• **Exercise requirements**:
Transcribe word for word the section of the records below that opens with the line containing "STM – Máy giao dịch thông minh" and closes with the line containing "Metallic Gem-Encrusted Sandals, Orange, hi-res"; drop every picture.

• **Dataset content**:
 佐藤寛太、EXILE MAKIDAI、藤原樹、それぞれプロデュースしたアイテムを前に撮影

...

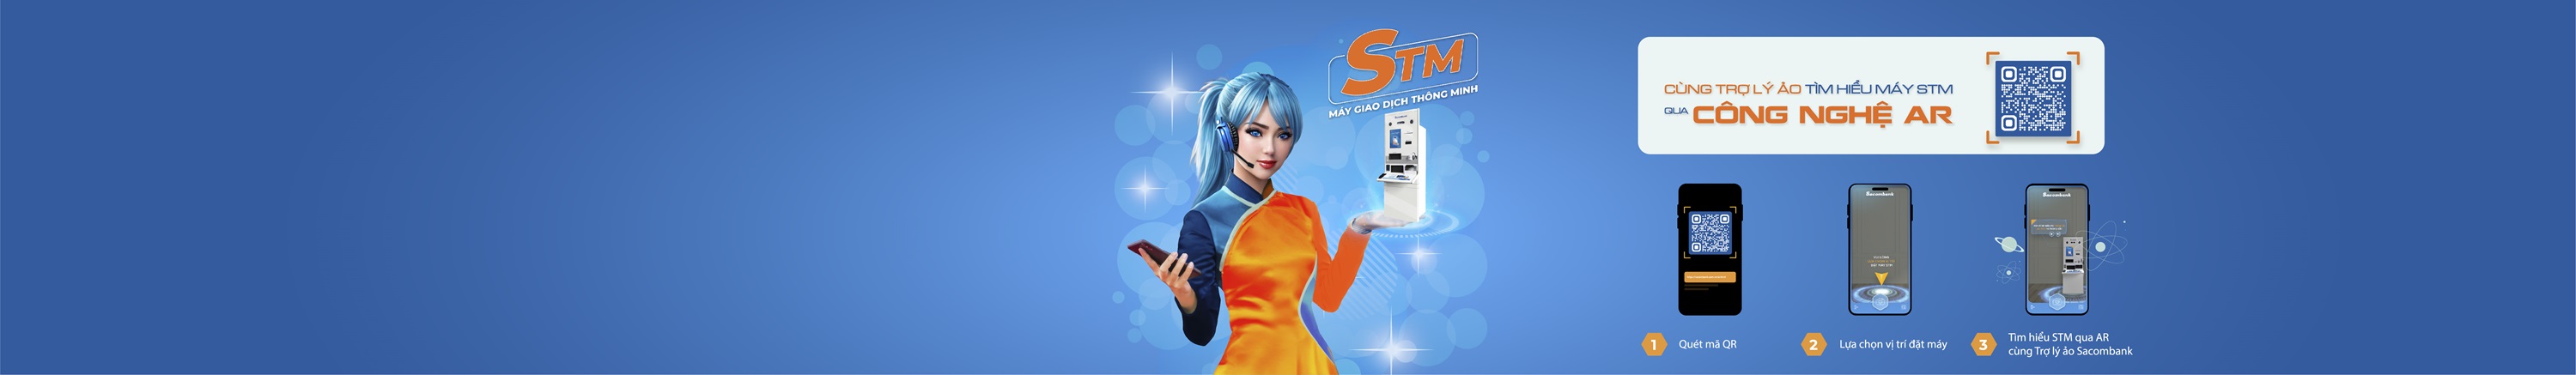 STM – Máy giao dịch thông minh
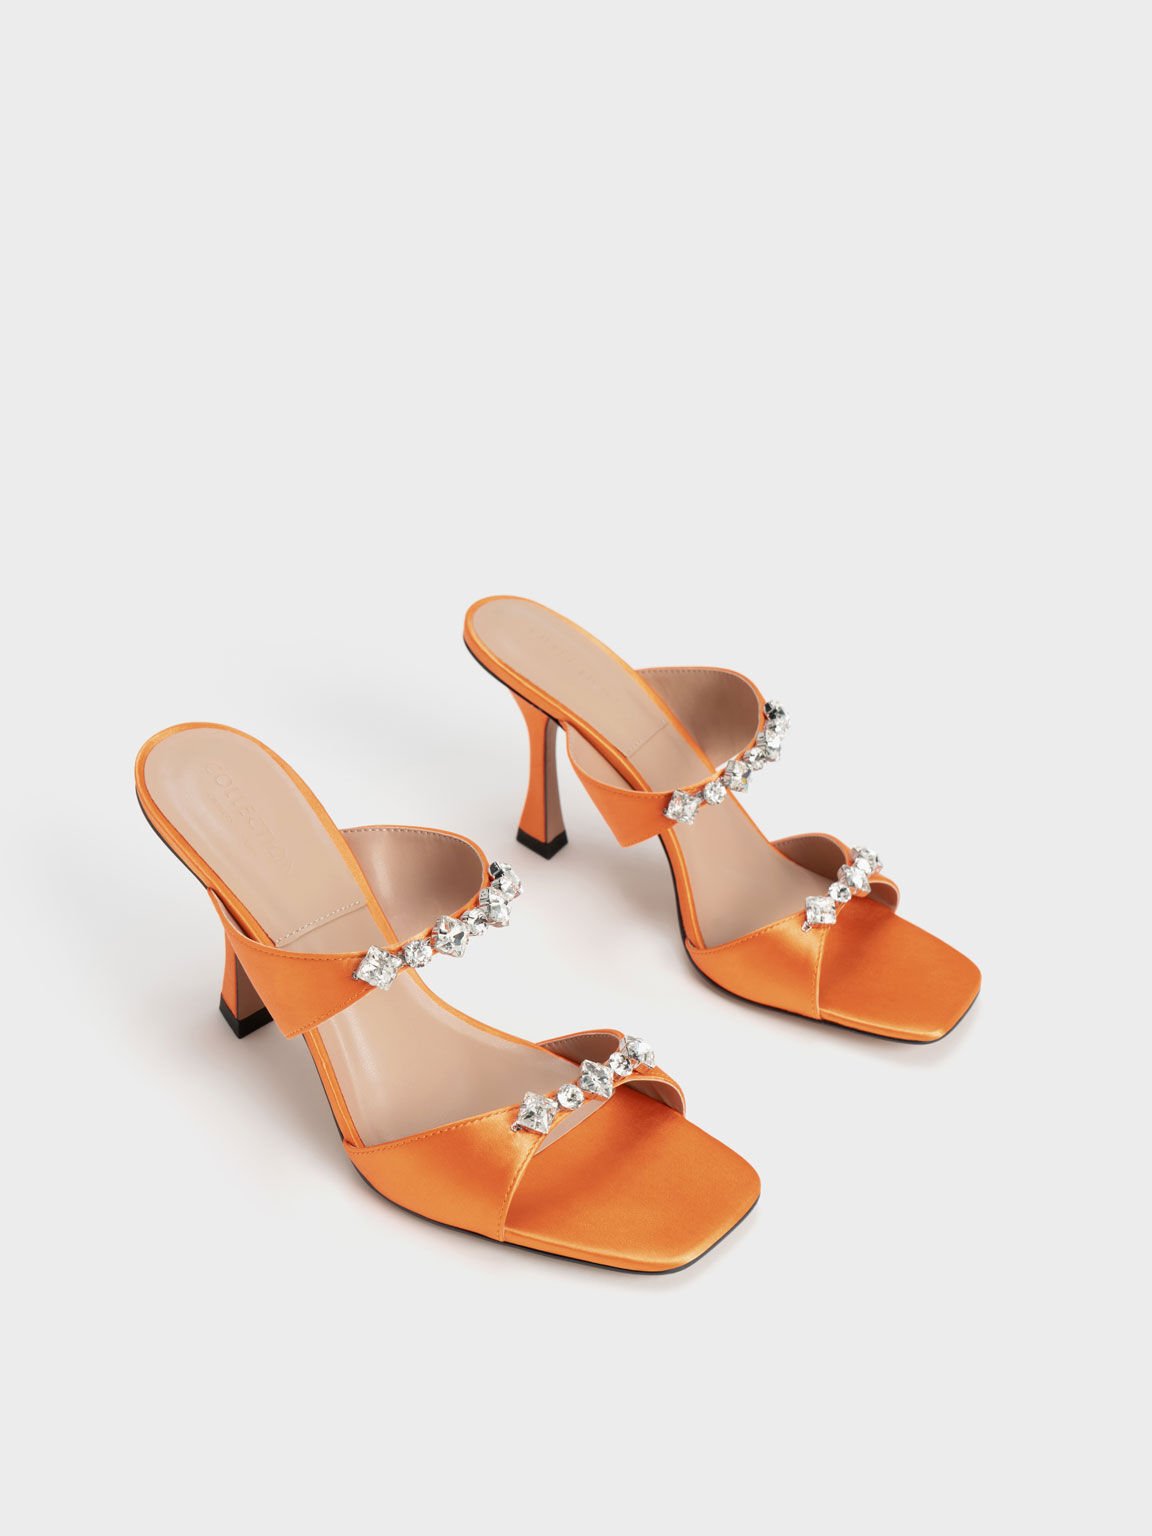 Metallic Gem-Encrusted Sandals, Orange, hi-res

• **Output for this exercise**:
 STM – Máy giao dịch thông minh
 Metallic Gem-Encrusted Sandals, Orange, hi-res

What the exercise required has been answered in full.